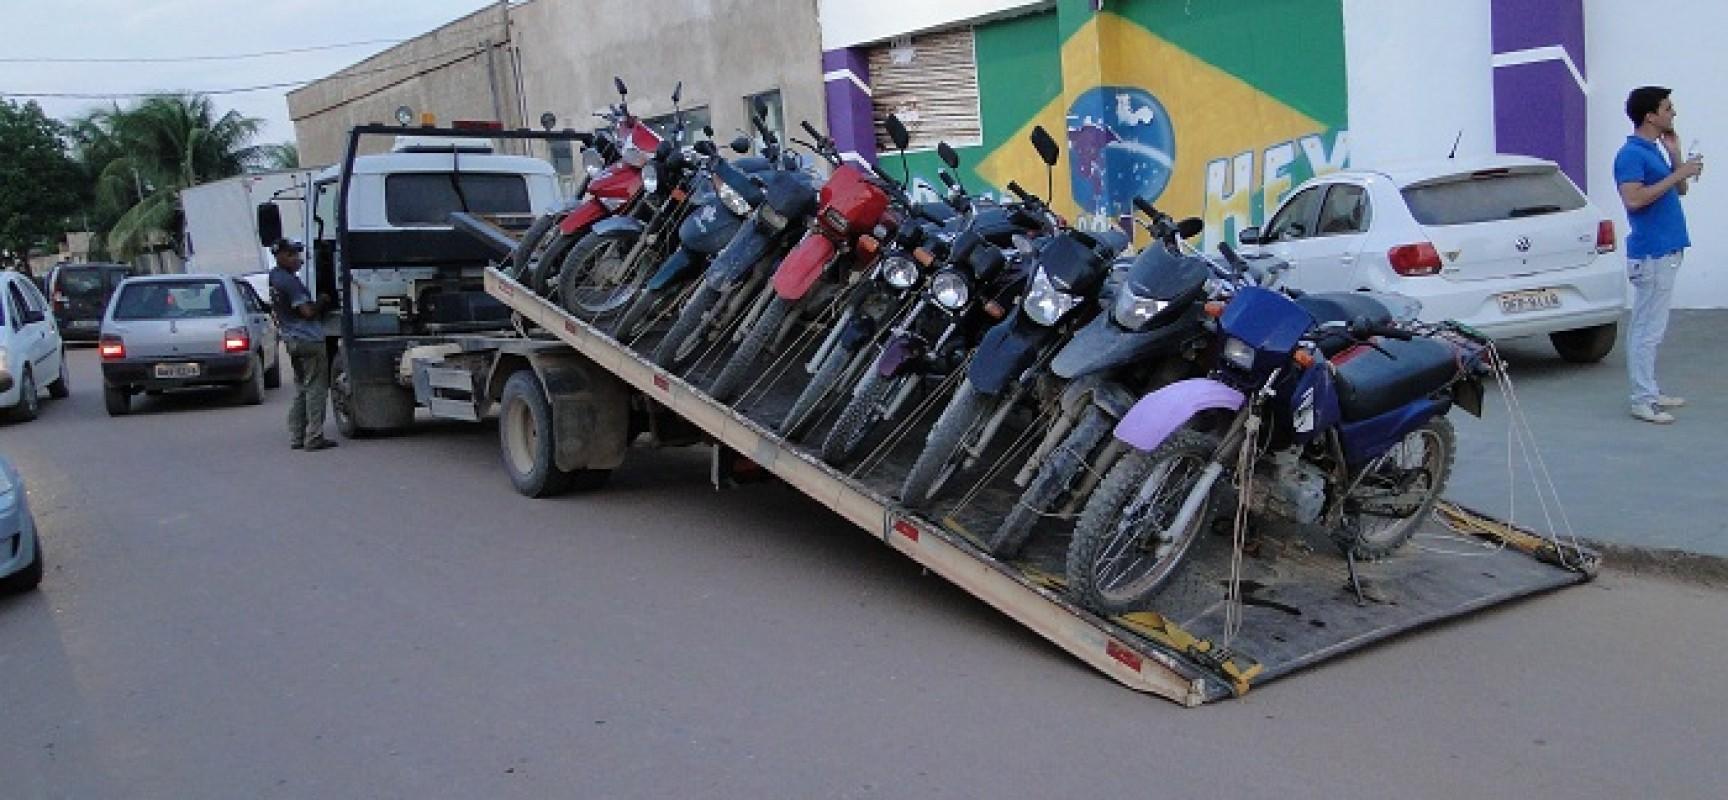 Motocicletas apreendidas.
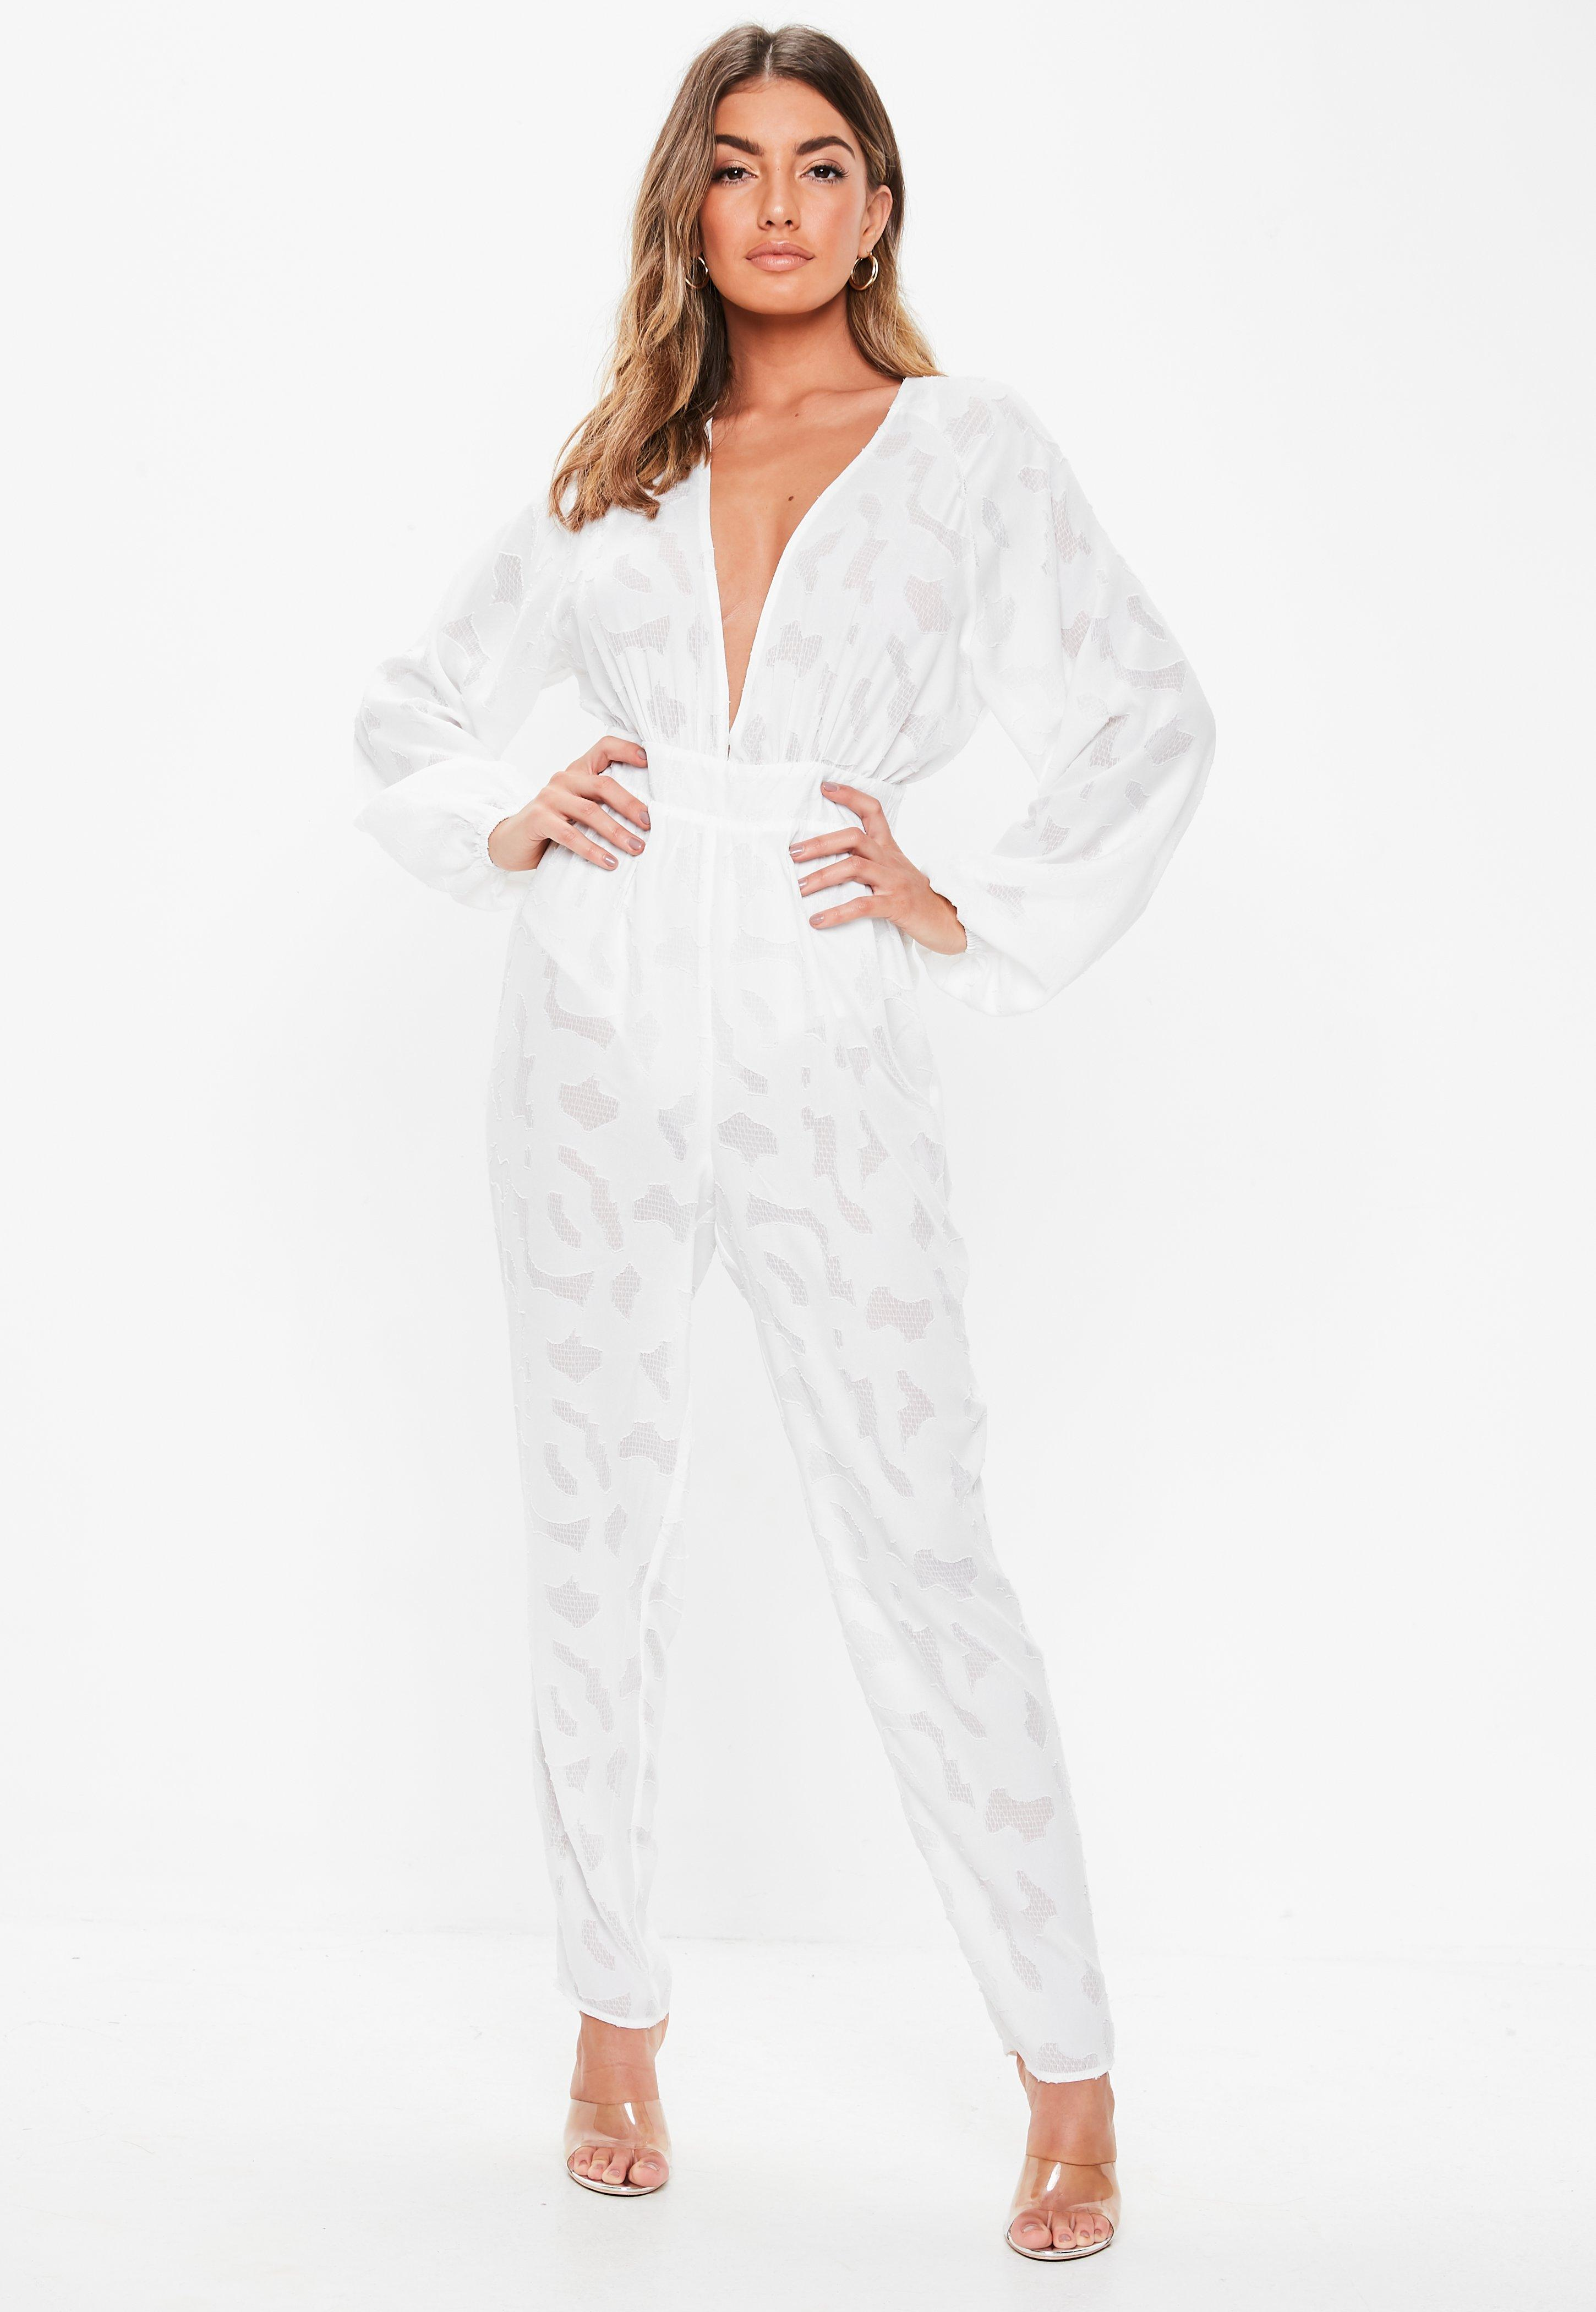 a61e266fe35 White Jumpsuits
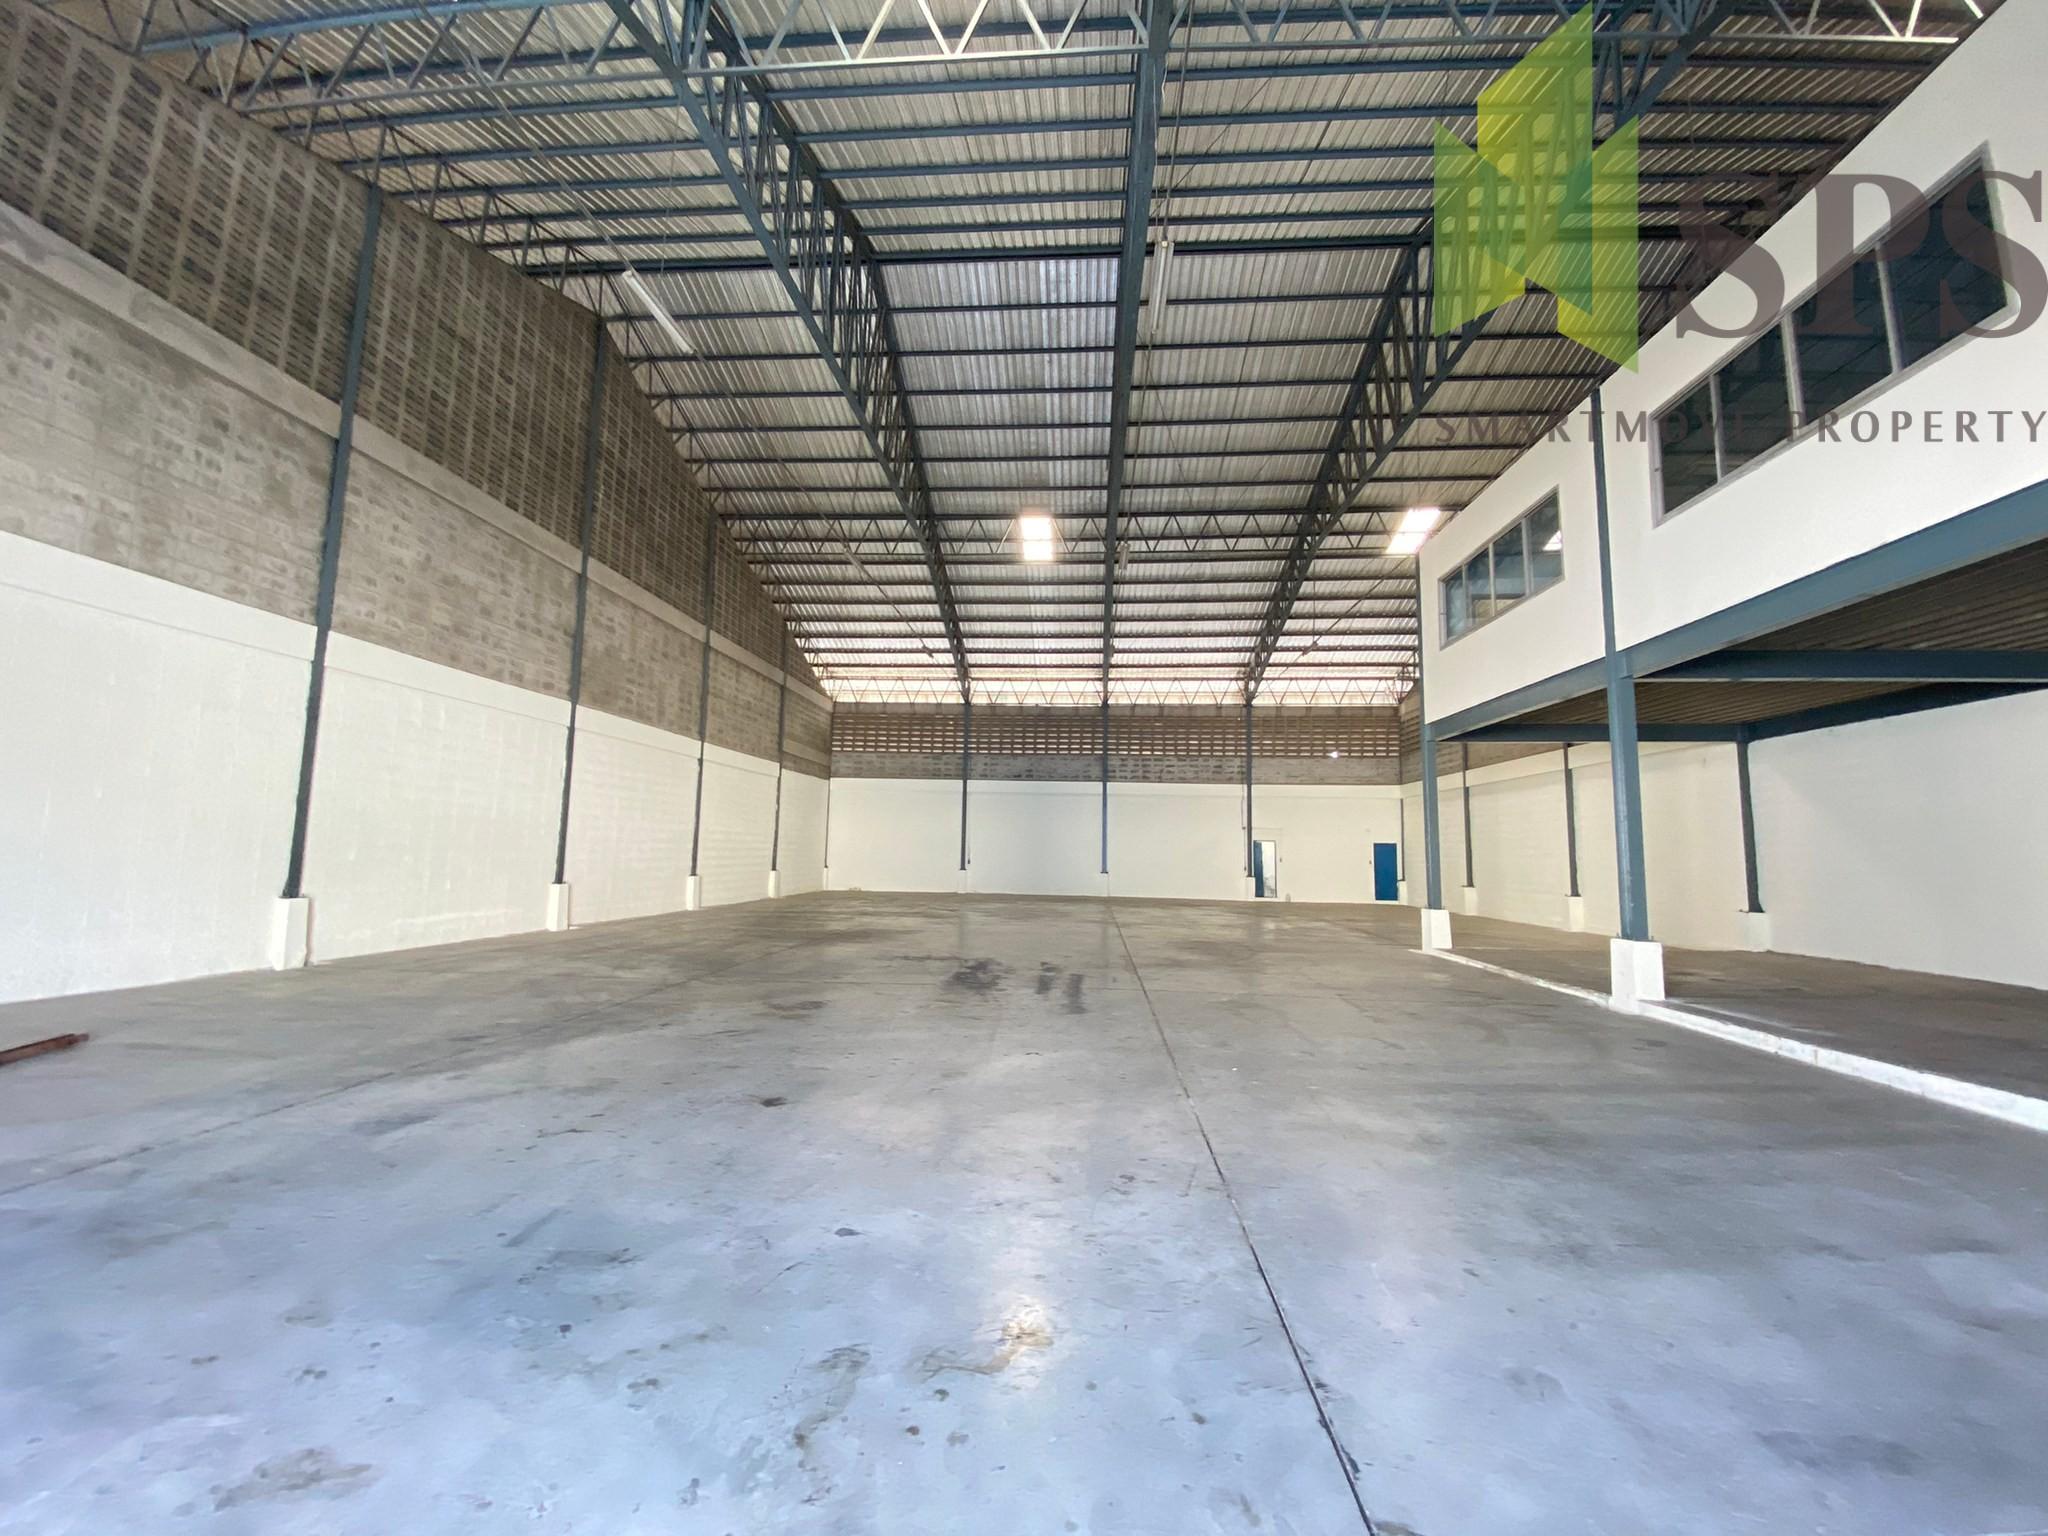 Factory, Warehouse for RENT at King Kaew Road, Bang Phli, Samut Prakan / โกดัง, โรงงาน สำหรับเช่า ที่ ถนน กิ่งแก้ว ราชาเทวะ บางพลี สมุทรปราการ (Property ID: SPS-PPW153)

▸ Exercise instructions:
Return the material exactly as written, except for any pictures it holds.

▸ Solution to this task:
 Motocicletas apreendidas.
 a61e266fe35 White Jumpsuits
 Factory, Warehouse for RENT at King Kaew Road, Bang Phli, Samut Prakan / โกดัง, โรงงาน สำหรับเช่า ที่ ถนน กิ่งแก้ว ราชาเทวะ บางพลี สมุทรปราการ (Property ID: SPS-PPW153)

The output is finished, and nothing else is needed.